3. Die persönlichen (medizinischen) Voraussetzungen sind nicht erfüllt

Hiermit sind letztlich die unmittelbaren Bewilligungsgründe für eine Rehamaßnahme gemeint. Diese finden Sie unter „Wer trägt die Kosten der medizinischen Rehabilitation“ genannt.

In welchen Zeitabständen kann eine stationäre Rehabilitationsmaßnahme durchgeführt werden?

Prinzipiell ist im SGB eine Wiederholung einer stationären Rehabilitationsmaßnahme nach Ablauf einer Vier-Jahresfrist vorgesehen.

Liegt eine medizinische Begründung vor, kann eine Reha aber (max.) einmal pro Jahr durchgeführt werden. Auch hiervon gibt es eine Ausnahme: die Anschlussheilbehandlung (AHB) oder Anschlussgesundheitsmaßnahme (AGM).

Hierzu einige Beispiele aus der Praxis:
Wird eine Reha vor Ablauf der Vier-Jahresfrist beantragt, müssen Sie mit einer Ablehnung rechnen. Diese Ablehnung wird begründet sein mit der Nichteinhaltung der gesetzlichen Frist.
Sollte dies der Fall sein, lassen Sie sich hiervon nicht entmutigen. Sie sollten schriftlich Widerspruch unter Hinweis auf die medizinische Begründung einlegen. Diese Begründung sollte in Form eines entsprechenden Attestes durch einen oder mehrere Ihrer betreuenden Ärzte erfolgen.
Medizinische Begründungen für einen CF-Patienten können sein:

  • deutliches Profitieren von der letzten Reha, nach einer gewissen Zeit aber erneut deutliche Verschlechterung
  •  notwendiger Gewichtsaufbau und Verbesserung der körperlichen Belastbarkeit vor einer geplanten OP (z.B. Lungentransplantation)

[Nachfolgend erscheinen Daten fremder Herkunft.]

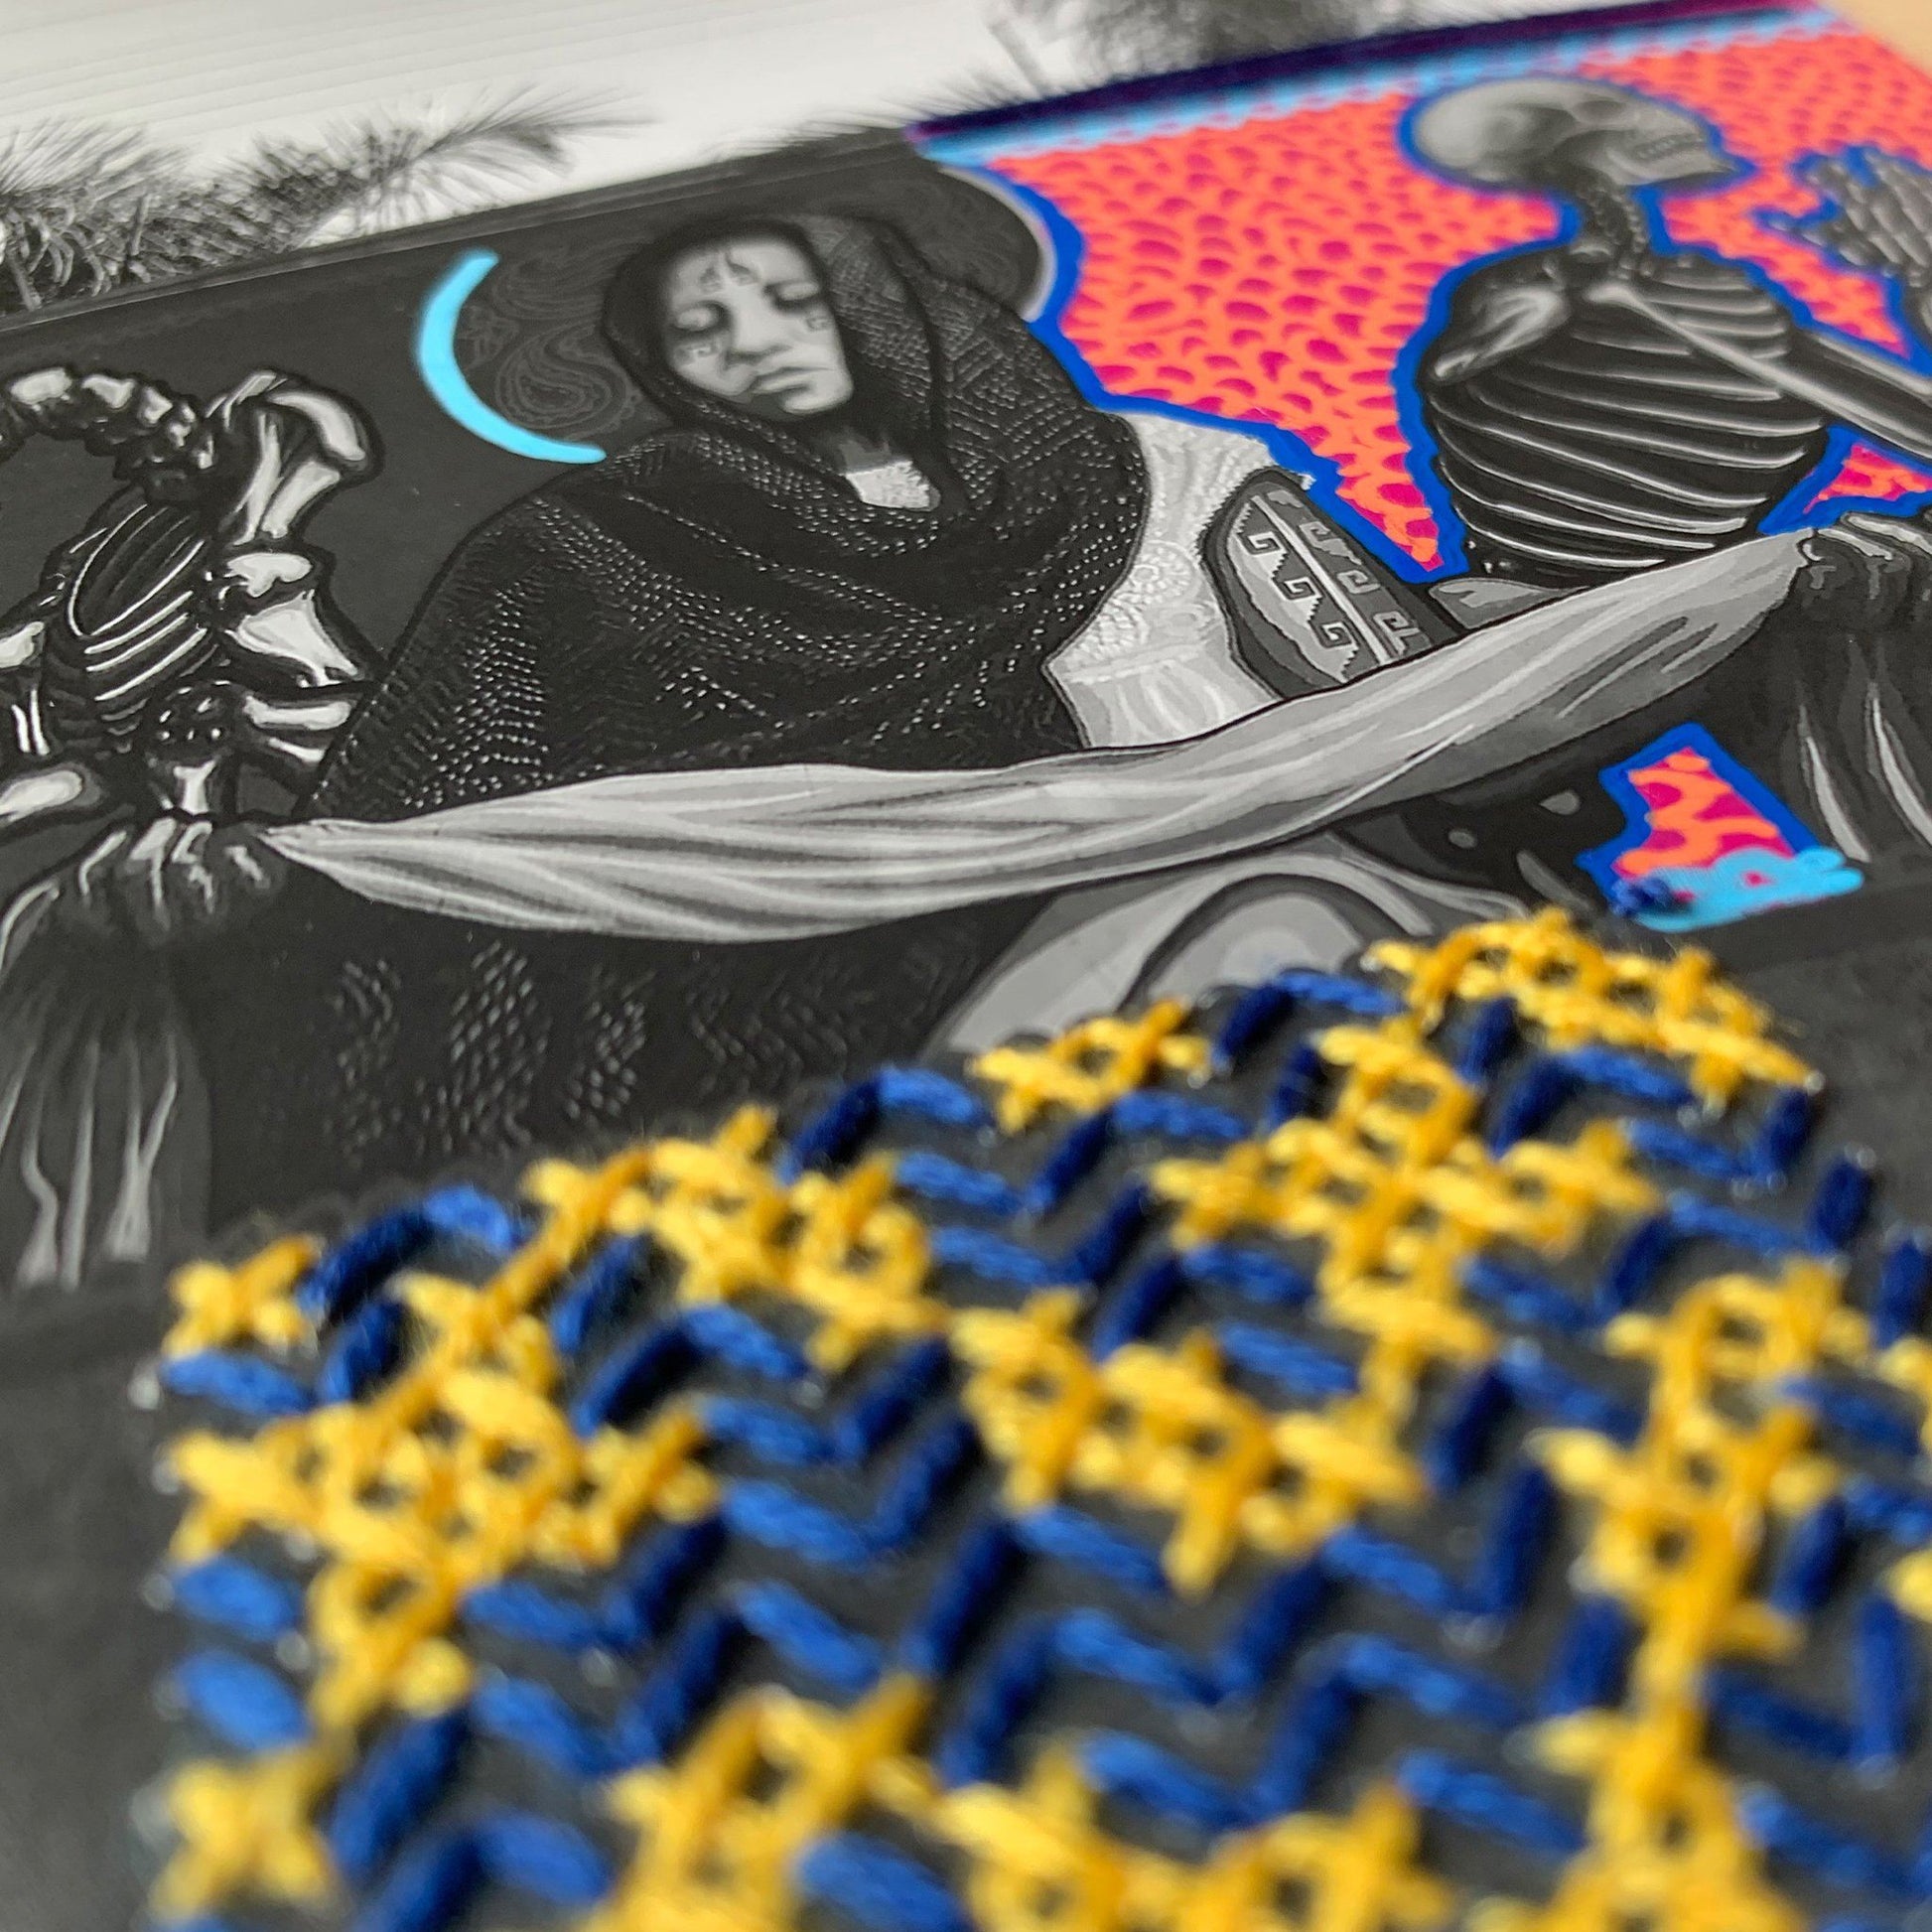 Las Calles de Mexico: Graffiti embroidery art - Catalina Escallon

Um bei dem letzten Beispiel zu bleiben, könnte nach der OP dann eine AHB stattfinden auch wenn bereits eine reguläre Reha im gleichen Jahr stattgefunden hat.

Wichtig ist auch bei der vorzeitigen Beantragung der Hinweis auf den Zweck der Reha (Erhalt der Erwerbsfähigkeit, Verhinderung von Behinderung oder Pflegebedürftigkeit) wie oben beschrieben.